Net2Net

TLDR: A seminal work that grows by preserving the network function output.

How can we transfer knowledge from one network to a new, larger network? Net2Net [CGS16] is one of the first papers to propose function-preserving morphisms to transfer knowledge across networks. A network morphism \(A', \theta' = \mathcal{T}(A, \theta)\) is called function-preserving if the network output \(f\) satisfies,

\[\begin{aligned} \forall x \in \mathcal{D}, \quad f_{A', \theta'}(x) = f_{A, \theta}(x). \end{aligned}\]

Growth operations

Net2Net proposes:

  • Net2WiderNet increases the width of a layer by replicating existing neurons. Each new neuron copies the incoming weights of an existing neuron, and the outgoing weights of all copies (including the original) are divided by the replication count to preserve the function. In practice, to break symmetry, a small amount of random noise is added to the new neurons.

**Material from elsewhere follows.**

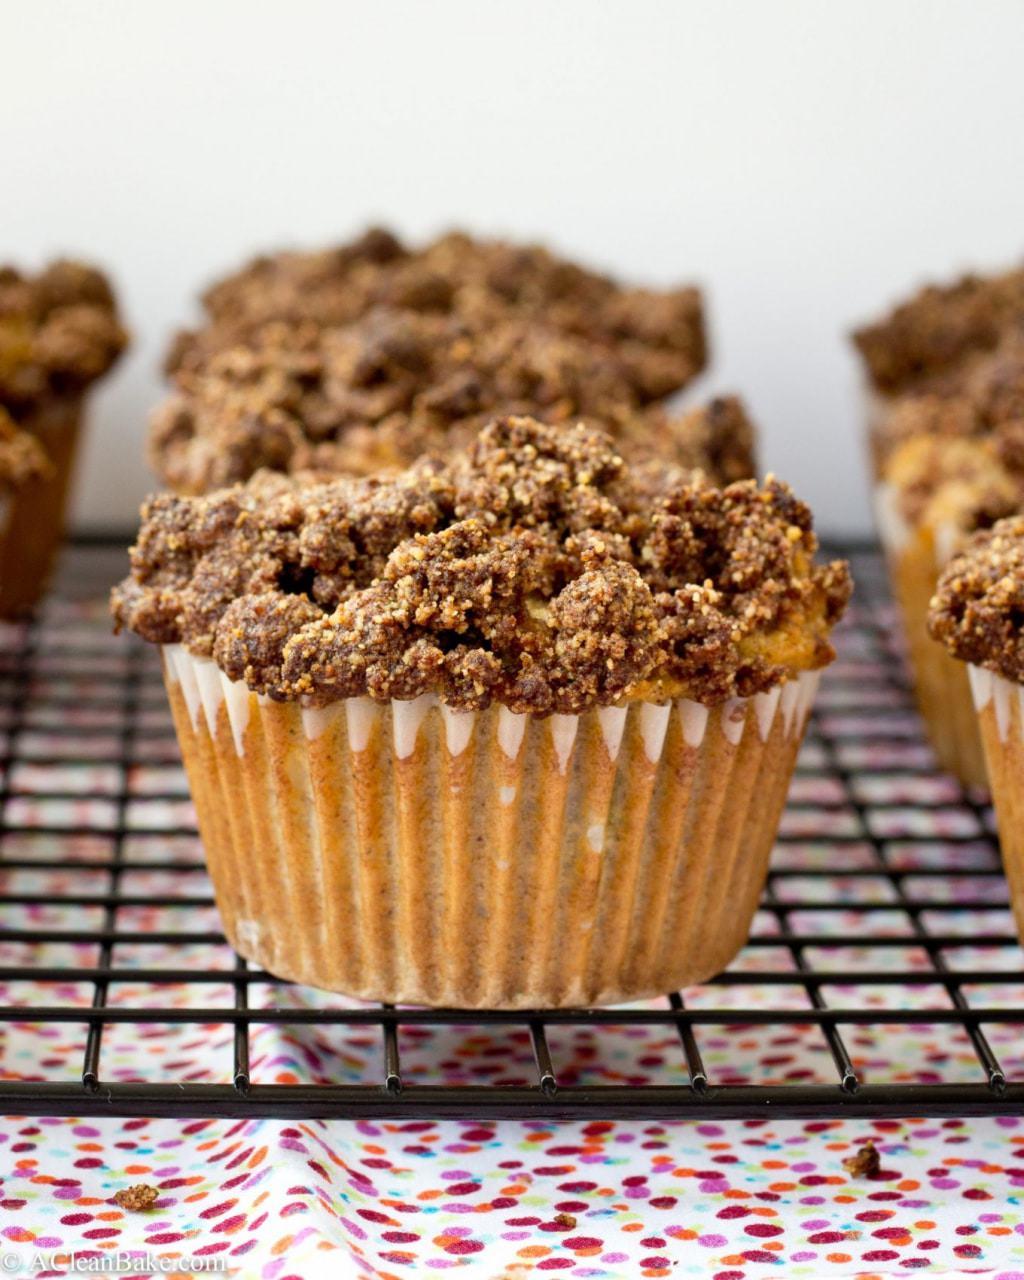 Rhubarb Coffee Cake Muffins (Gluten Free and Paleo)

  • Net2DeeperNet increases the depth by inserting a layer initialized to represent the identity mapping. In general, it is only applicable to activation functions \(\sigma\) that are idempotent \(\sigma \circ \sigma = \sigma\), such as ReLU activations, although this can be generalized to a wider class of activation functions using parametrized activation function (like in Network Morphism or SENN). When using batch normalization, the inserted identity layer requires a forward pass on training data to estimate activation statistics and set the normalization parameters accordingly. For ResNets, the Net2DeeperNet operation is trivial as one can add a resididual block with zeroed weights.

When

Net2Net is used once, on converged networks.

Where

Net2Net is used at every relevant location at the same time.

Experimental results

Experiments are conducted on ImageNet with Inception-BN model.

Net2WiderNet

The Net2WiderNet operator is compared to two baselines: Random Pad (widen the small network by adding new units with random weights) and Random Init (train the target network from scratch). The starting network has its channel counts scaled by \(\sqrt{0.3}\) relative to the target network. Net2WiderNet is shown to converge approximately twice as fast (excluding the time to train the smaller network) as Random Init, and reaches the same final accuracy. Random Pad is slightly outperformed. Note that the grown model has the same validation accuracy but a higher training accuracy, which suggests that the growth operation may lead to more overfitting. However for ResNets, the results of AutoGrow suggest that Random Pad outperforms the Net2DeeperNet-style of function-preserving growth. Those results are only presented for a single run and in a figure which makes precise comparison difficult. Note that on ResNet-50 and MobileNet-v1, Variance Transfer provide experimental results showing that Net2WiderNet is outperformed by the full network trained from scratch.

Net2DeeperNet

The Net2DeeperNet operator is compared to the target network trained from scratch. Net2DeeperNet is shown to converge approximately twice as fast (excluding the time to train the smaller network) as the full network trained from scratch, and reaches the same final accuracy.

Remarks

The paper suggests that nearly all hyperparameters used to train from scratch can be reused for the target network. The only exception is the learning rate: they recommend starting the target with approximately \(\frac{1}{10}\) of the small network’s initial learning rate, as the small network’s training has finished with a decayed learning rate.

Open questions

  • What is the reason behind the different conclusions on Net2Net-style initialization in the literature? It’s unclear if this is due to differing architectures, datasets, or some other aspect of the experimental setup.

References

[CGS16]

Tianqi Chen, Ian Goodfellow, and Jonathon Shlens. Net2Net: Accelerating Learning via Knowledge Transfer. In ICLR. 2016. arXiv:1511.05641. URL: http://arxiv.org/abs/1511.05641, doi:10.48550/arXiv.1511.05641.